The study was open-label, which may introduce ascertainment bias in the reporting of outcomes despite the use of administrative registries.
The primary composite outcome was largely driven by pneumonia hospitalizations, for which the high-dose vaccine showed no benefit, potentially obscuring benefits for influenza-specific outcomes.
The findings are based on observational registry data linked to a randomized trial, which, while pragmatic, may be subject to residual confounding if not fully captured by the registries.

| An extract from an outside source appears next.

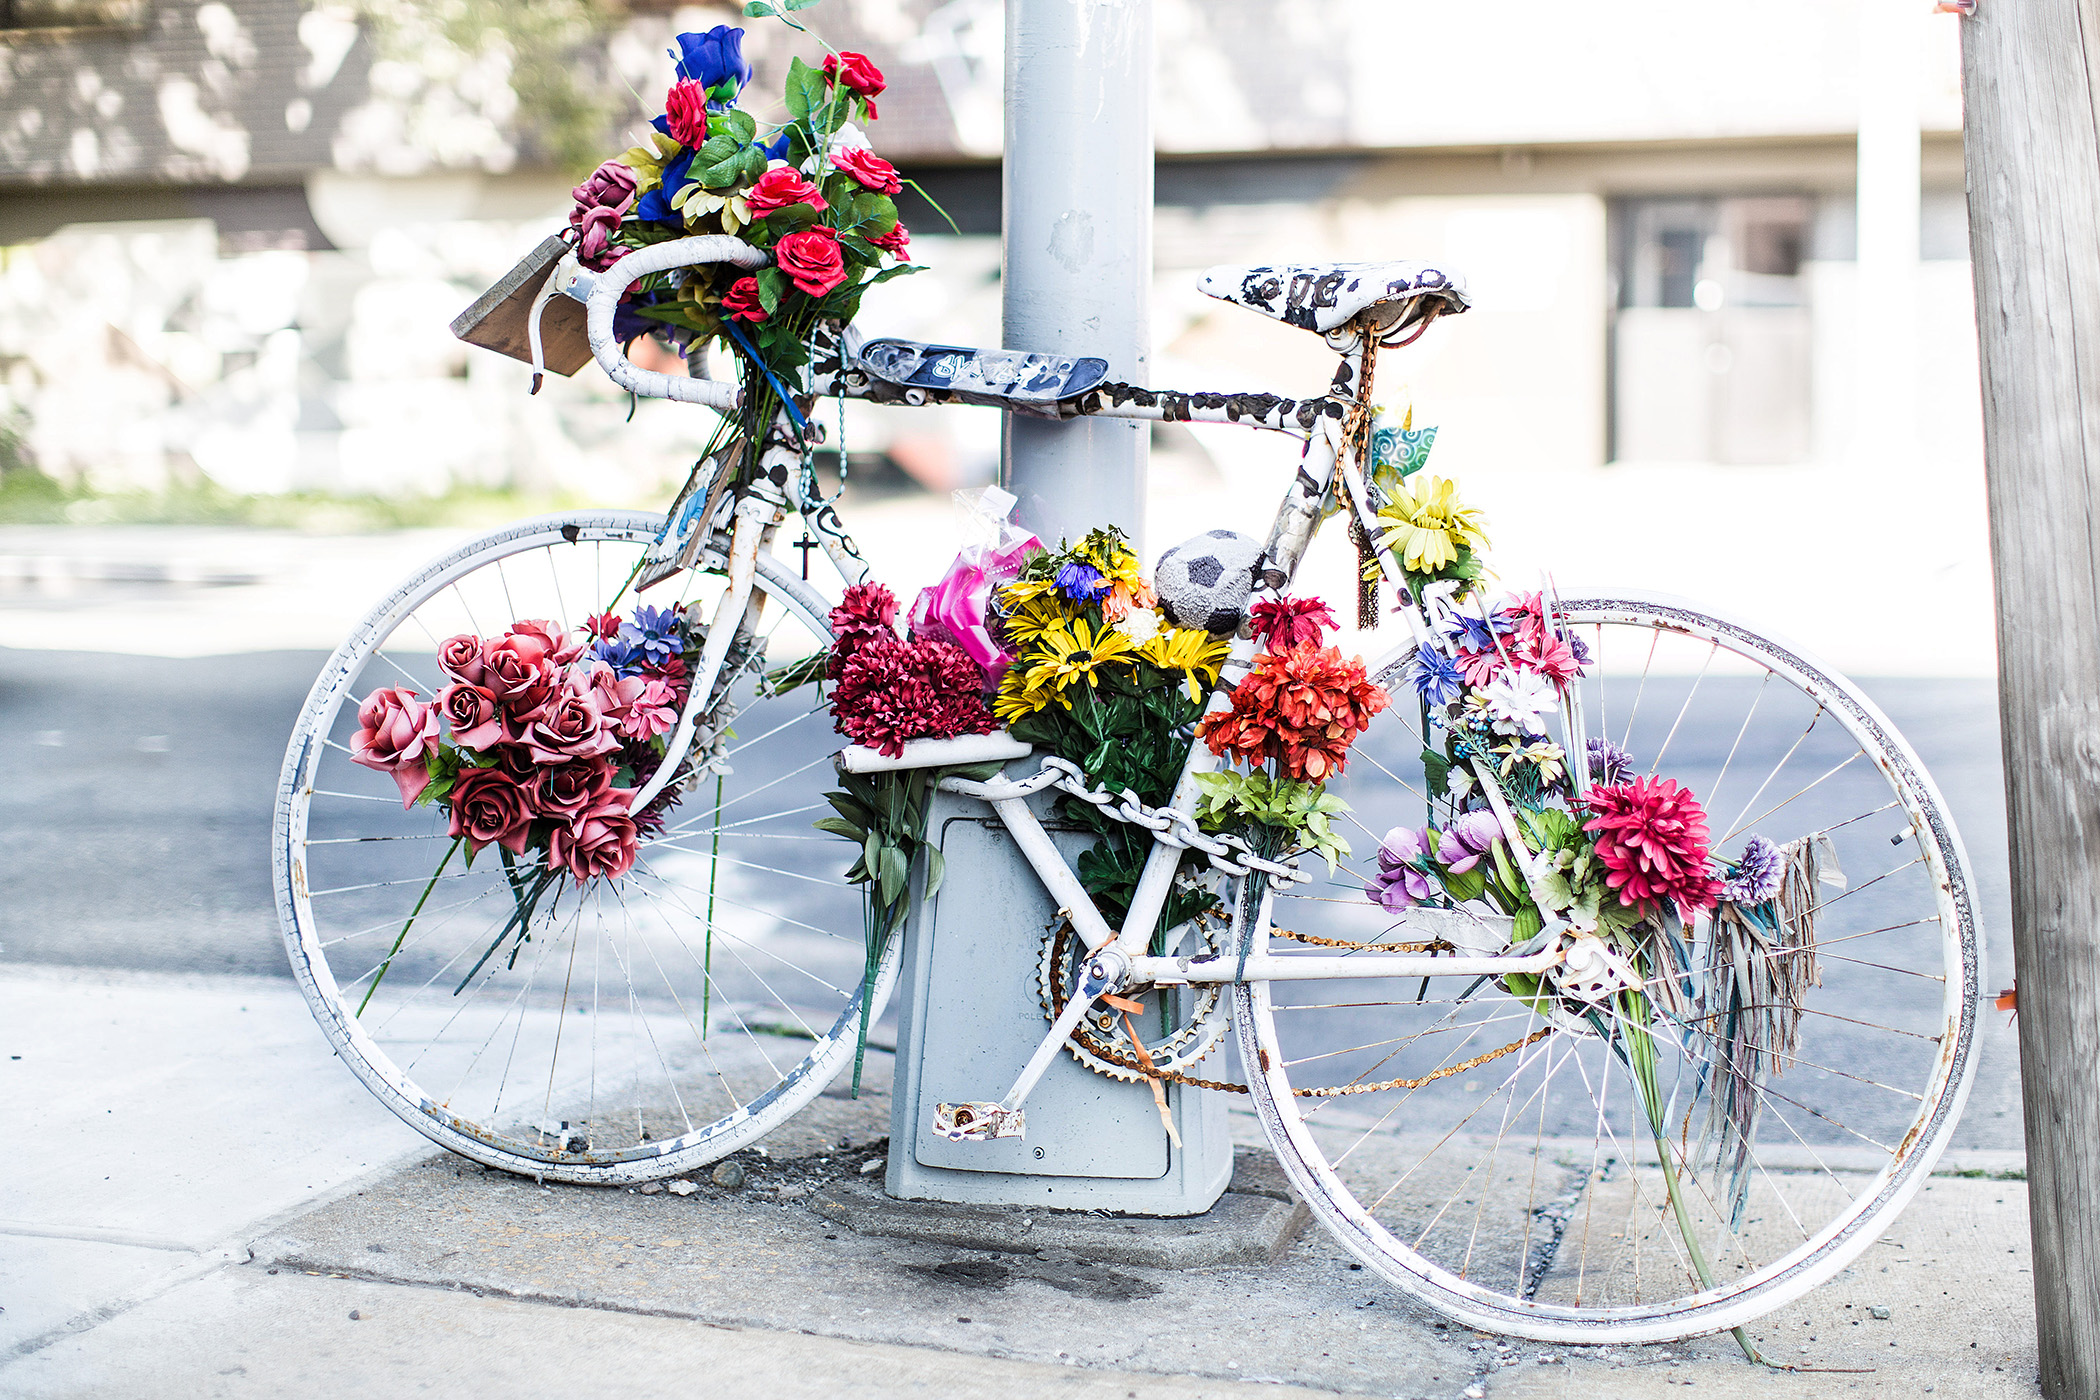 Kelly Boe Memorial Bike Ride

Results may vary by influenza season intensity and circulating strain dominance, potentially limiting generalizability across all future seasons.

Clinical Significance

While high-dose influenza vaccines are often preferred based on immunogenicity and observational data, this large-scale pragmatic trial provides critical evidence that the high-dose vaccine did not reduce the overall burden of hospitalizations for influenza or pneumonia in the older population, suggesting that the clinical impact may be more nuanced than previously inferred from surrogate markers.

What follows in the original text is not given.